By Stéphanie De la Asuncion, BI Project Director, Mickaël Mackow, BI Project Manager and Vivien Liochon, MSBI Technical Expert - Micropole Centre-Est.
In early 2018, Microsoft released a data integration service hosted entirely in the cloud - Azure Data Factory. Allowing to orchestrate services that collect raw data, this solution also transforms it into ready-to-use information. In this article, we will take a look at this service by describing its interests, its limitations and its use in a concrete framework: which will include the steps for creating a feed under Azure Data Factory.
For several months or even years, Microsoft has been involved in a Cloud Computing approach to offer more and more Azure services and push companies to follow suit. The benefit: to have a single global management platform bringing together all the essential services for the proper functioning of the company's information system.
Azure Data Factory is a service that will allow companies to no longer have to manage physical or virtual machines to process their data. The main interest of this new feature is to avoid the costs of maintenance, software installations, etc.. It is still possible to process, transform, store, delete and archive data with SSIS and Azure storage spaces.
AZURE DATA FACTORY: APPLYING IT IN THE ENTERPRISE
- Context of the project at one of our customers
Our experts set up a BI tool with nightly feeds, made with Microsoft technologies hosted on Azure virtual machines.

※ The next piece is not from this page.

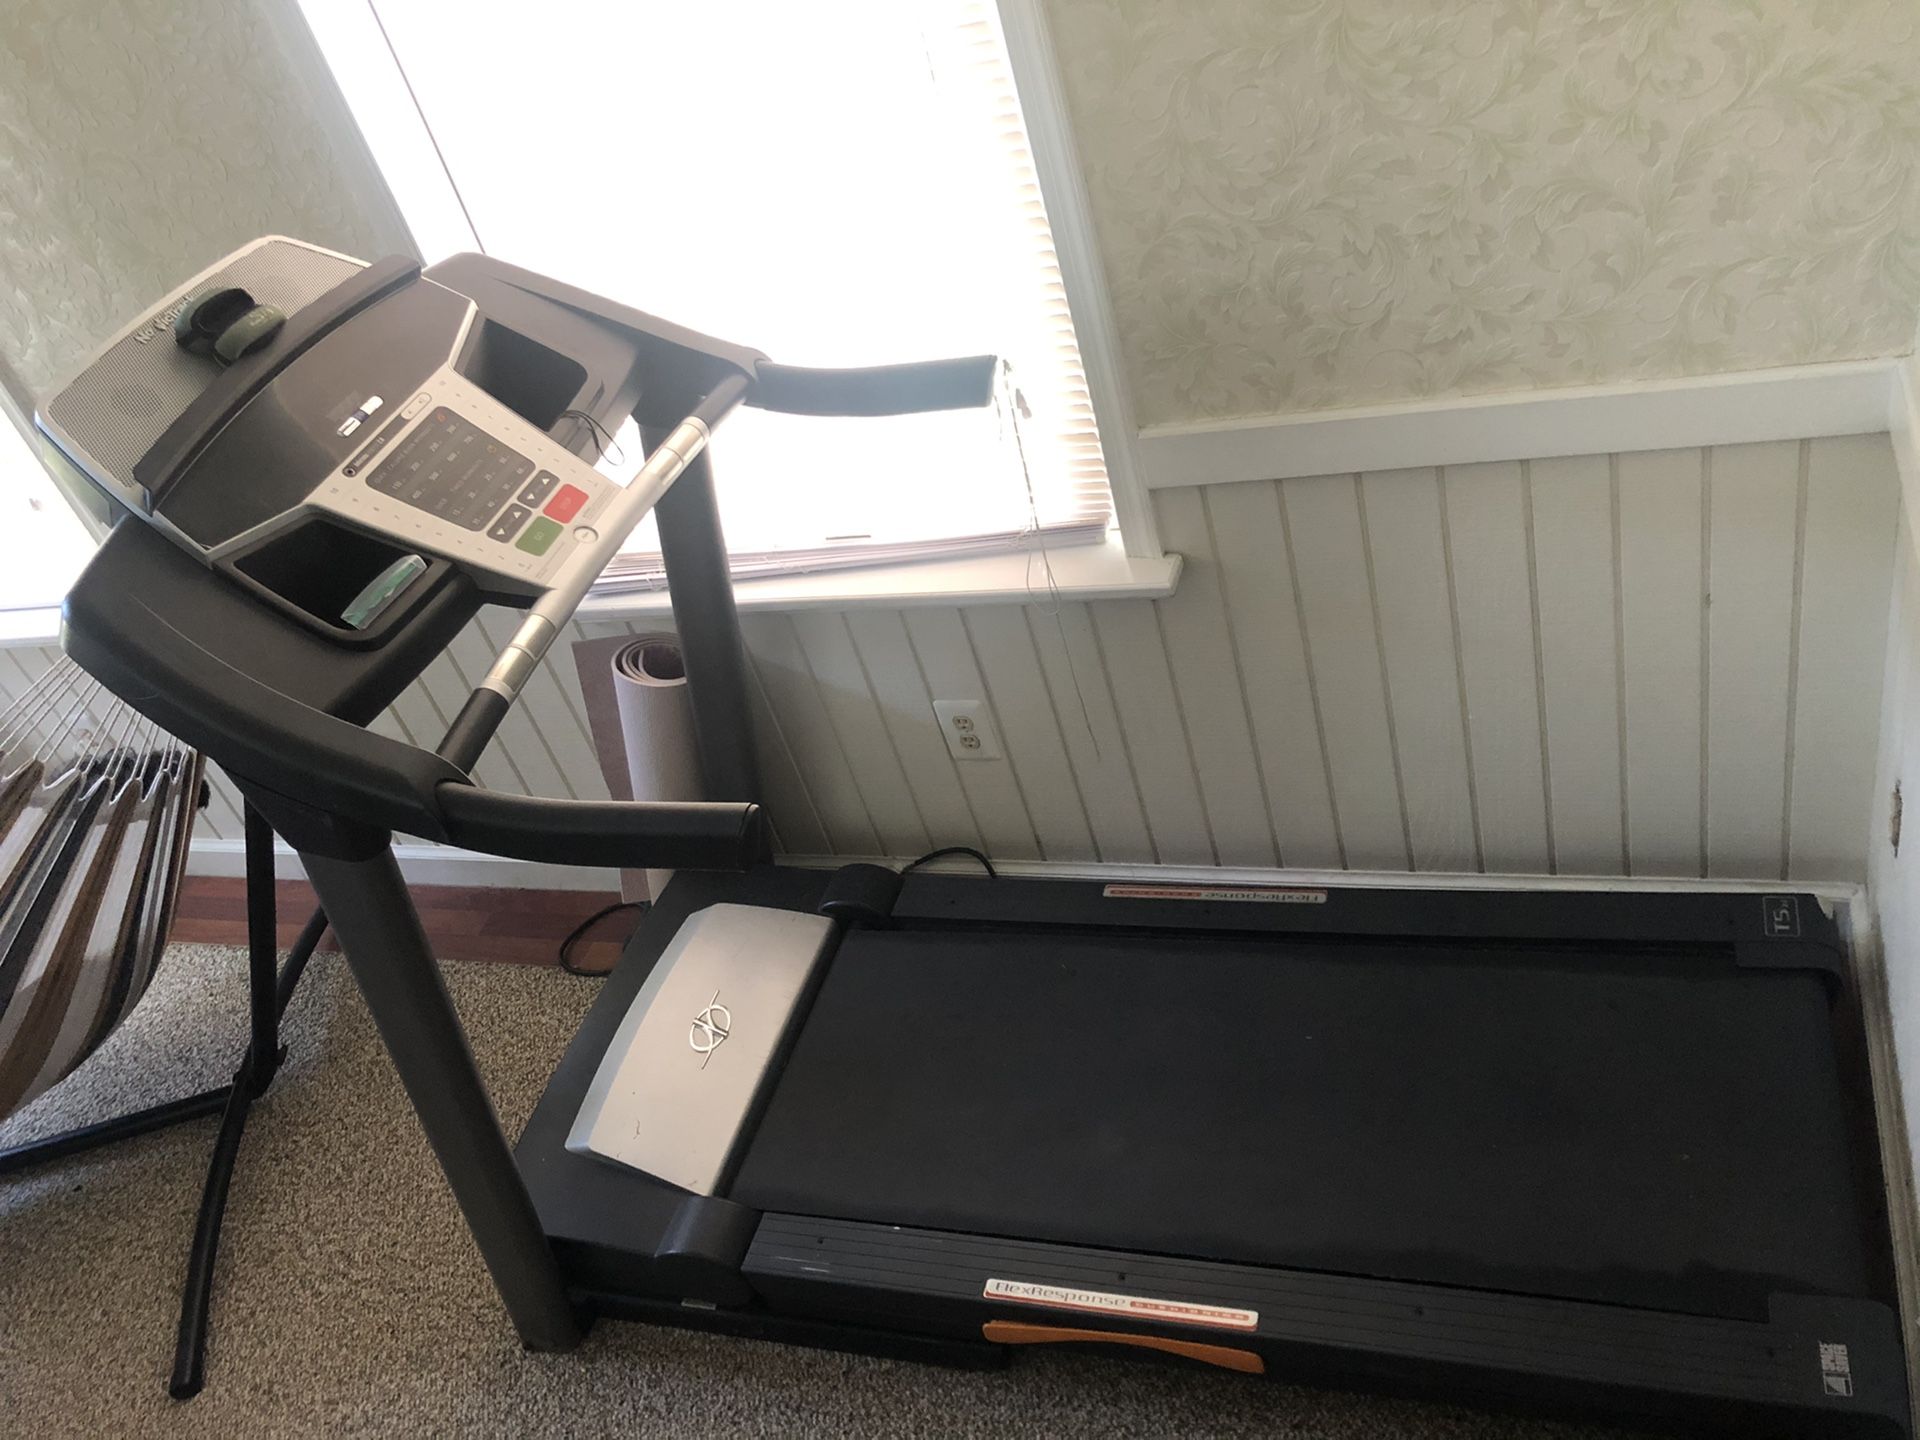 NordicTrack T5.z1 treadmill - needs to go ASAP
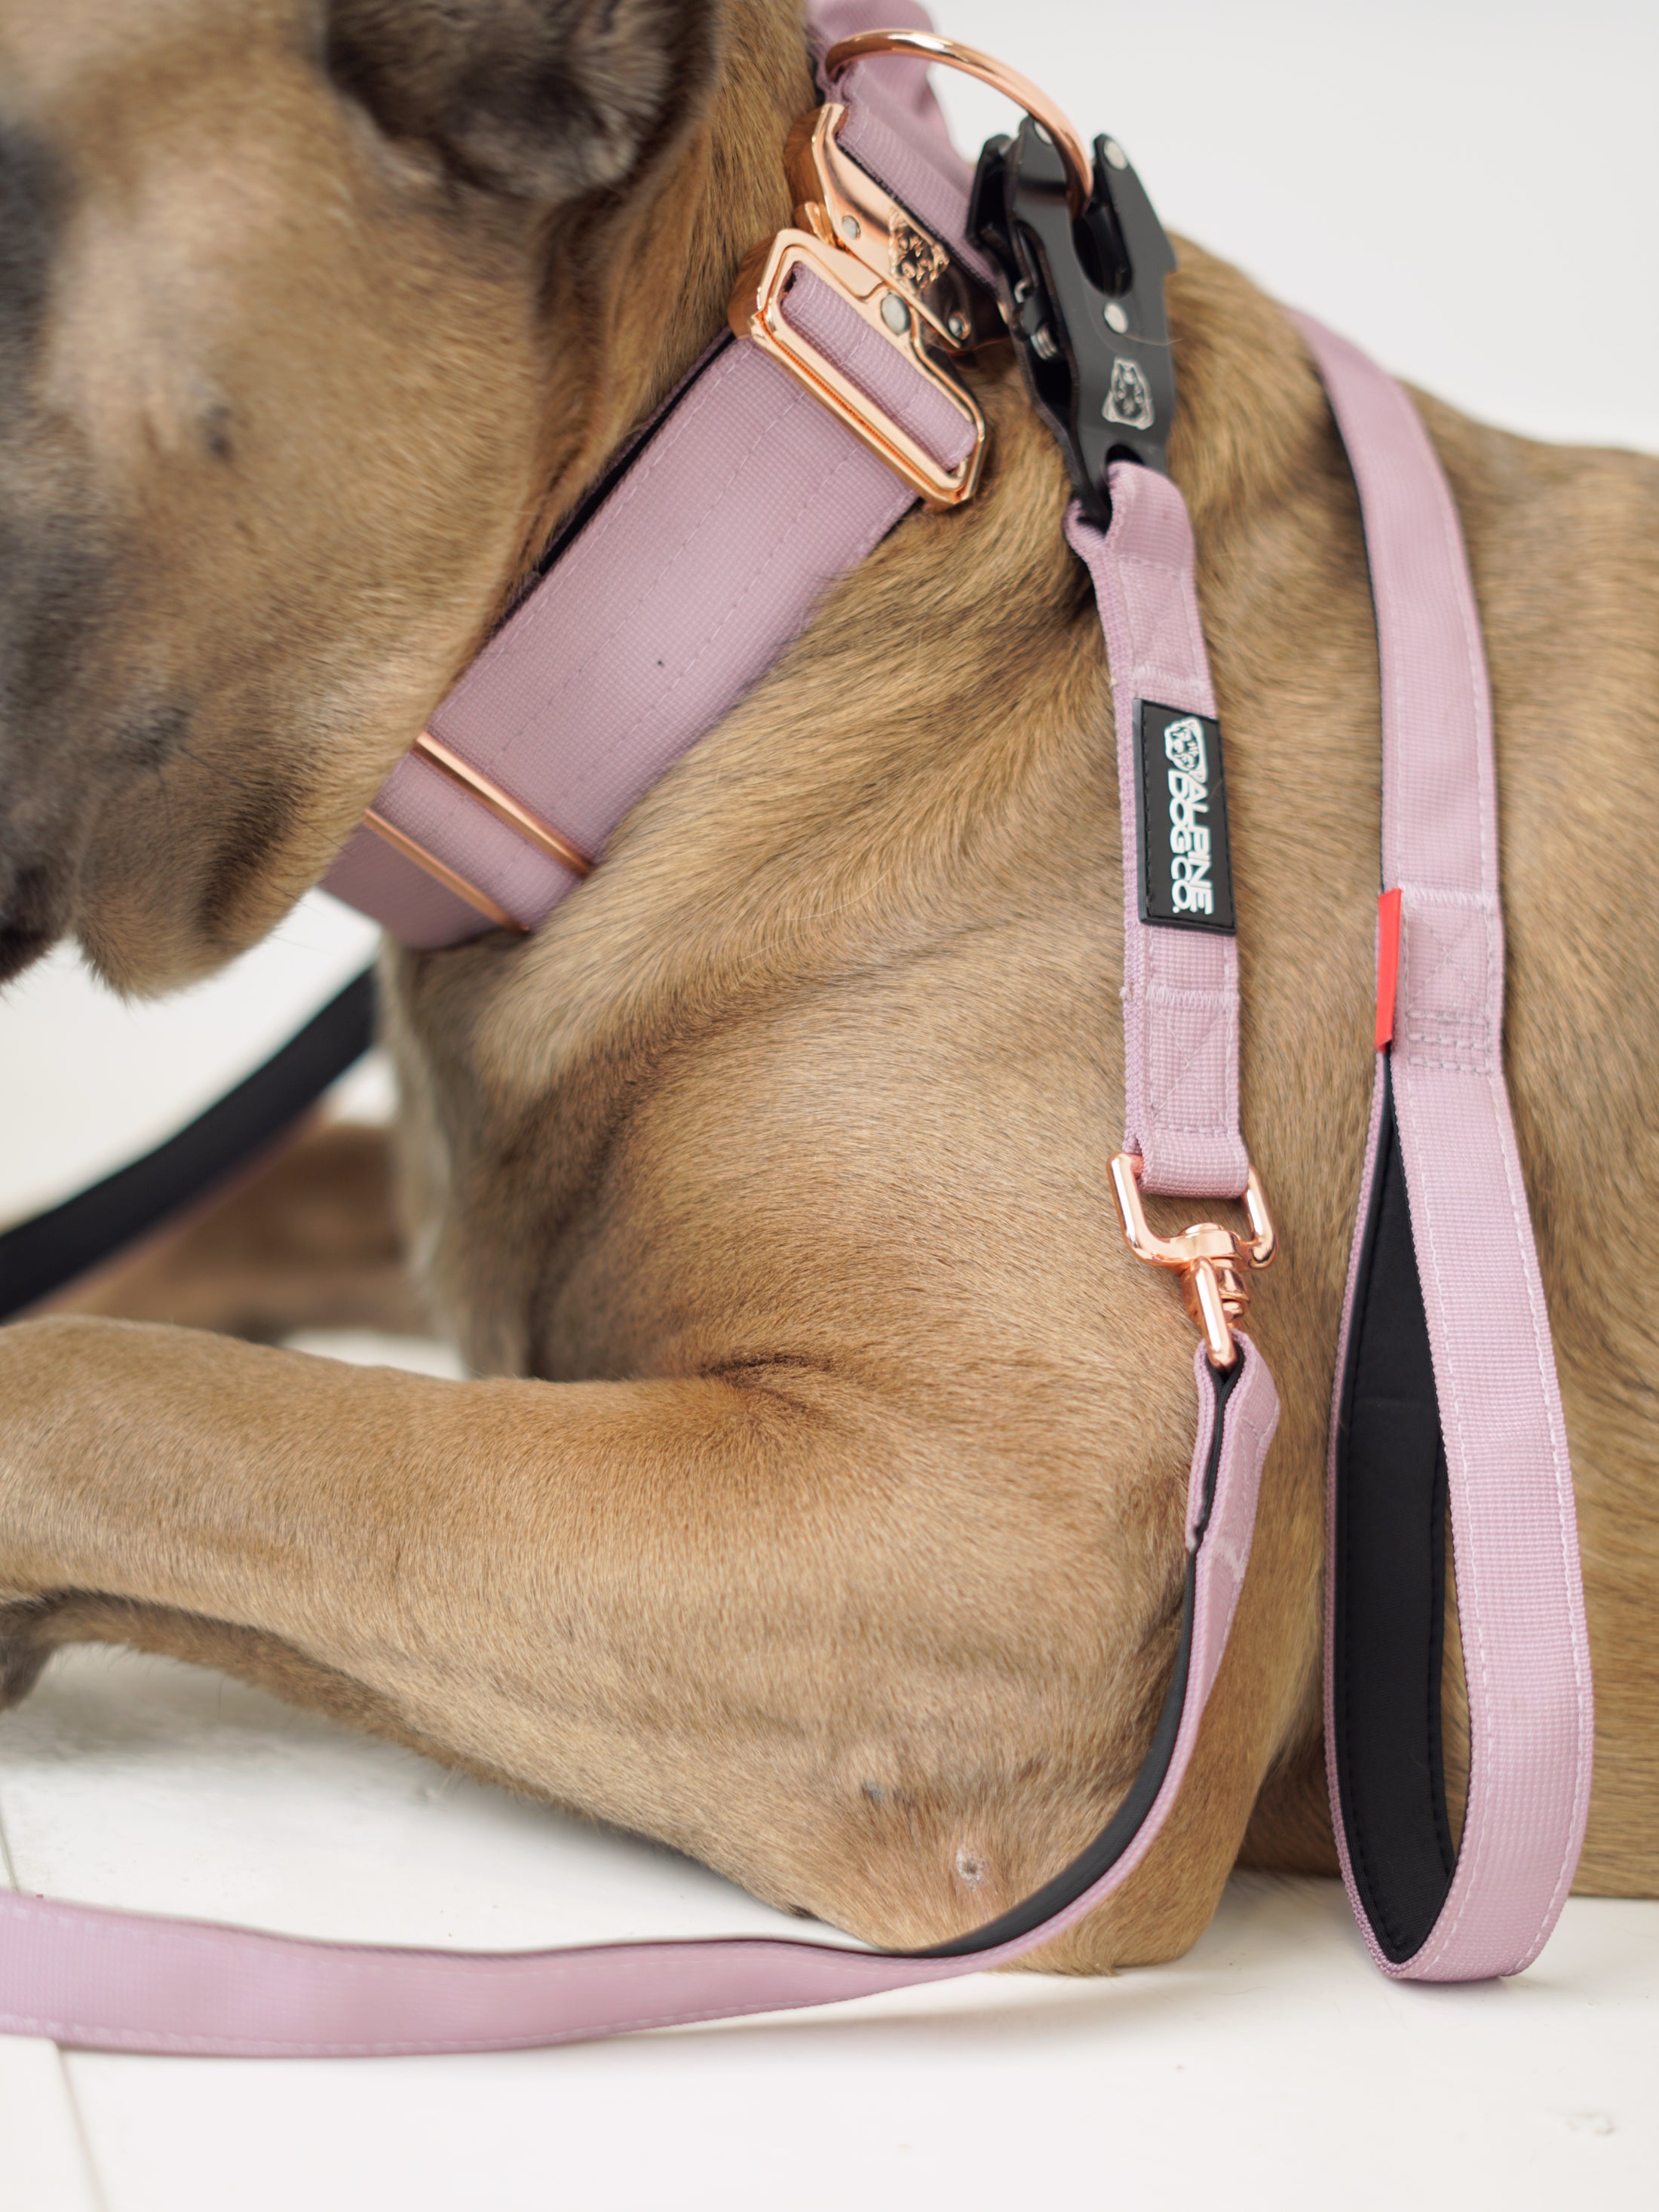 2" Tacti Luxe Dog Collar - Rose Gold - Sofia

Once this tool was in place, the evolution requests led to new daily flows that had to be executed during the day.
In order to limit the cost of using the Azure servers, the jobs were scheduled to stop the servers at the end of the processing. The new flows generated also posed a problem for us: managing the startup and shutdown of the servers.
This constraint led us to explore Azure Data Factory. As a service, there is no server management to be expected and the new simple data flows were therefore developed with it.
The objectives were to:
- Validate the use of this tool in service mode;
- In the long term, separate from the virtual machine infrastructure;
- Store data from various sources in a consolidated Azure space;
- Launch SSIS data processing flows without having to manage a server;
- Schedule the entire supply flow
To present the architecture of the project, here is the diagram that includes the Azure environment in the implementation of the global data integration.
A. Extract data into files
B. FTP transfer of files to the Azure blob store
C. Integration of files into the ODS (Operational Data Store) via SSIS packages launched from Azure Data Factory
D. Integration of ODS data into the DWH (Datawarehouse) via SSIS packages launched from Azure Data Factory
- How the Azure Data Factory works
Comparative diagram between the operation of a flow via a server and an ADF flow
Note that the only cost for Azure Data Factory is the SSIS Integration Runtime. This is a node that allows you to launch SSIS feeds to which you attach a SQL Server license. It is also possible to configure performance based on usage and data.
REVIEW AND OUTLOOK
By accompanying our client on its BI project, our experts were able to highlight the tops and flops of this recent solution such as:
- A delocalized service;
- An easy handling for simple flows;
- Limited costs;
- A development or a license management that does not require the installation of a tool;
- A scheduler: possibility to plan the flows in a periodic way or an event
- A tedious management of environments (production/receipt/development/...);
- Requires particular attention at the start of the service: it is necessary to think of an automatic stop otherwise the costs increase very quickly;
- All the functionalities are not yet available and it is thus difficult to make complex flows.
However, Azure Data Factory is a solution that makes it easy to create, manage and monitor the feed processes in a single service.
No doubt that in the coming months (new versions of the tool in V2), the service will evolve to integrate native components that will not require specific development: the deletion of files in an Azure vault, the start/stop of the SSIS Integration Runtime and many others ... To be continued.